Elle va lire encore une page. Une page seulement pour se calmer et se retrouver, puis elle quittera son lit.
La bouffée de plaisir ! Le plongeon ! C’est l’impression que cela lui avait toujours fait lorsque, avec un petit grincement des gonds, qu’elle entendait encore, elle ouvrait d’un coup les portes-fenêtres, à Bourton, et plongeait dans l’air du dehors. Que l’air était frais, qu’il était calme,

plus immobile qu’aujourd’hui, bien sûr, en début de matinée ; comme une vague qui claque ; comme le baiser d’une vague ; vif, piquant, mais en même temps (pour la jeune fille de dix-huit ans qu’elle était alors) solennel, pour elle qui avait le sentiment, debout devant la porte-fenêtre grande ouverte, que quelque chose de terrible était sur le point de survenir ; elle qui regardait les fleurs, les arbres avec la fumée qui s’en dégageait en spirale, et les corneilles qui s’élevaient, qui retombaient ; restant là à regarder, jusqu’au moment où Peter Walsh avait dit : « Songeuse au milieu des légumes ? » - était-ce bien cela ? – ou n’était-ce pas plutôt « Je préfère les humains aux choux-fleurs » ? Il avait dû dire cela un matin au petit déjeuner alors qu’elle était sortie sur la terrasse. Peter Walsh. Il allait rentrer des Indes, un jour où l’autre, en juin ou en juillet, elle ne savait plus exactement, car ses lettres étaient d’un ennuyeux… C’est ce qu’il disait qu’on retenait ; ses yeux, son couteau de poche, son sourire, son air bougon, et puis, alors que des milliers de choses avaient disparu à jamais, c’était tellement bizarre, une phrase comme celle-ci à propos de choux.
Elle inspire profondément. C’est si beau. C’est tellement plus que… bon, que presque tout, en réalité.



Eclairage complémentaire.

VIRGINIA WOOLF, JOURNAL D’UN ÉCRIVAIN, JEUDI 30 AOÛT 1923.

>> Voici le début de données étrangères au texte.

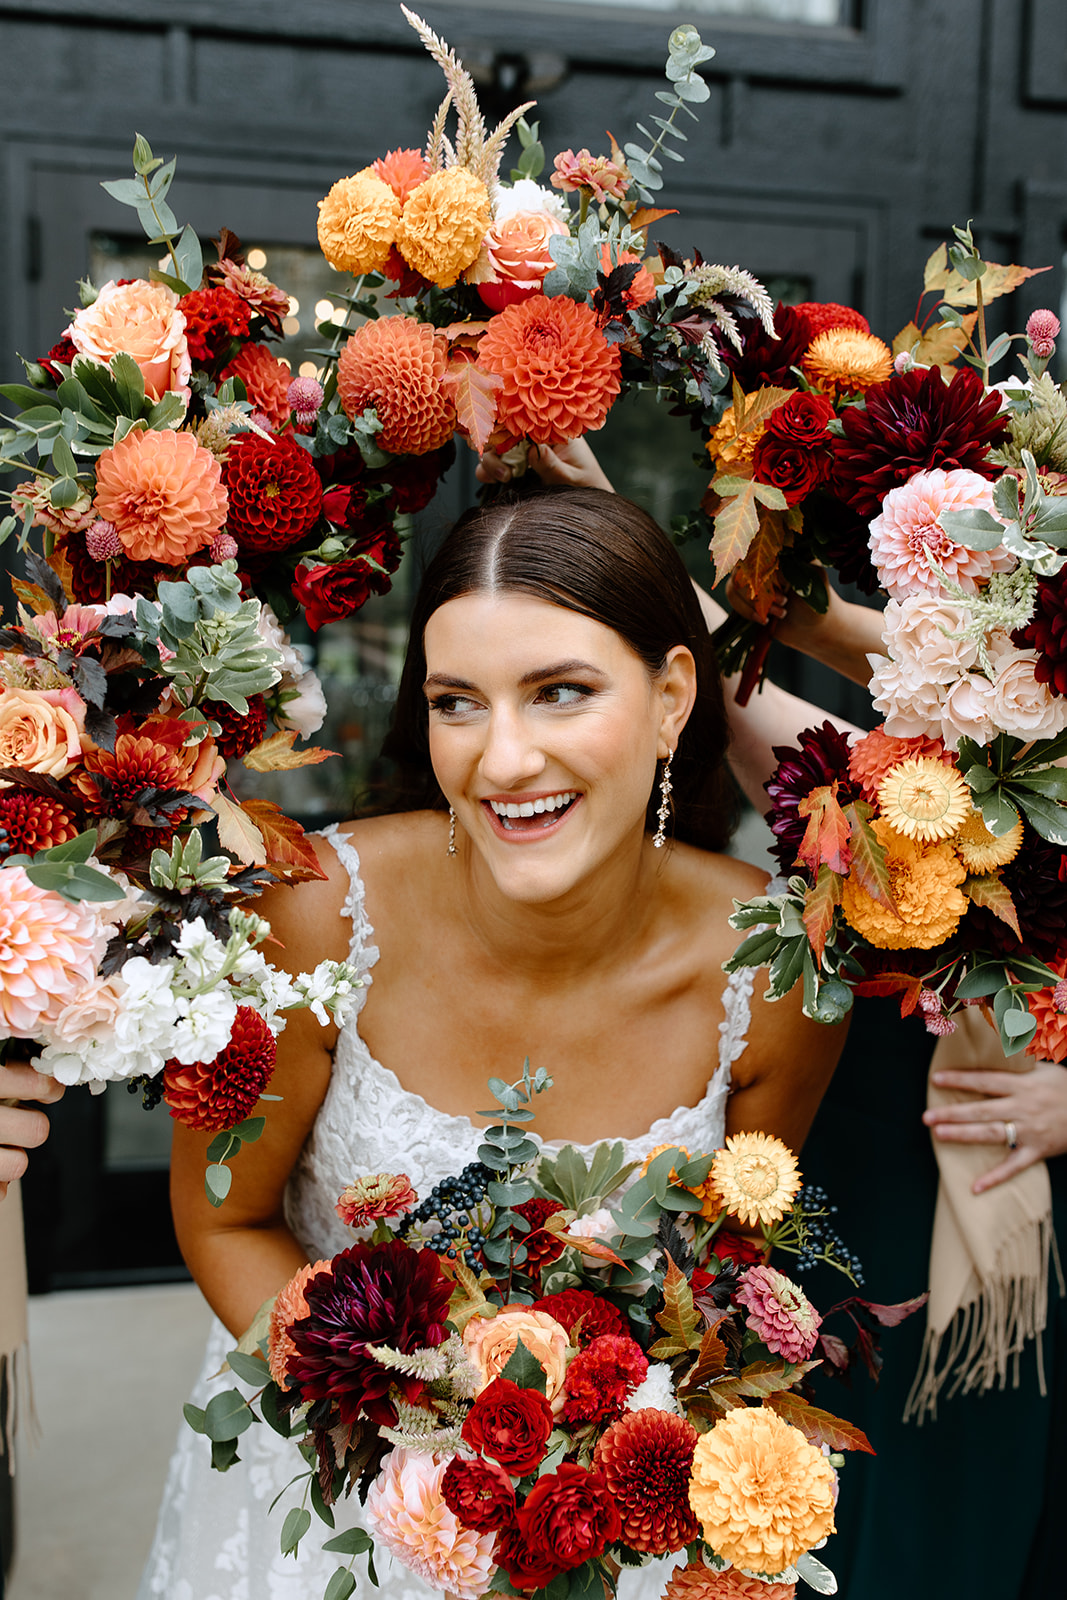 Bride surrounded by bouquets

Le temps me manque pour exposer mes projets. J’aurais pourtant beaucoup à dire au sujet des Heures, et de ma découverte : comment je creuse de belles grottes derrière mes personnages. Je crois que cela donne exactement ce qu’il me faut : humanité, humour, profondeur. Mon idée est de faire communiquer ces grottes entre elles, et que chacune s’offre au grand jour, le moment venu.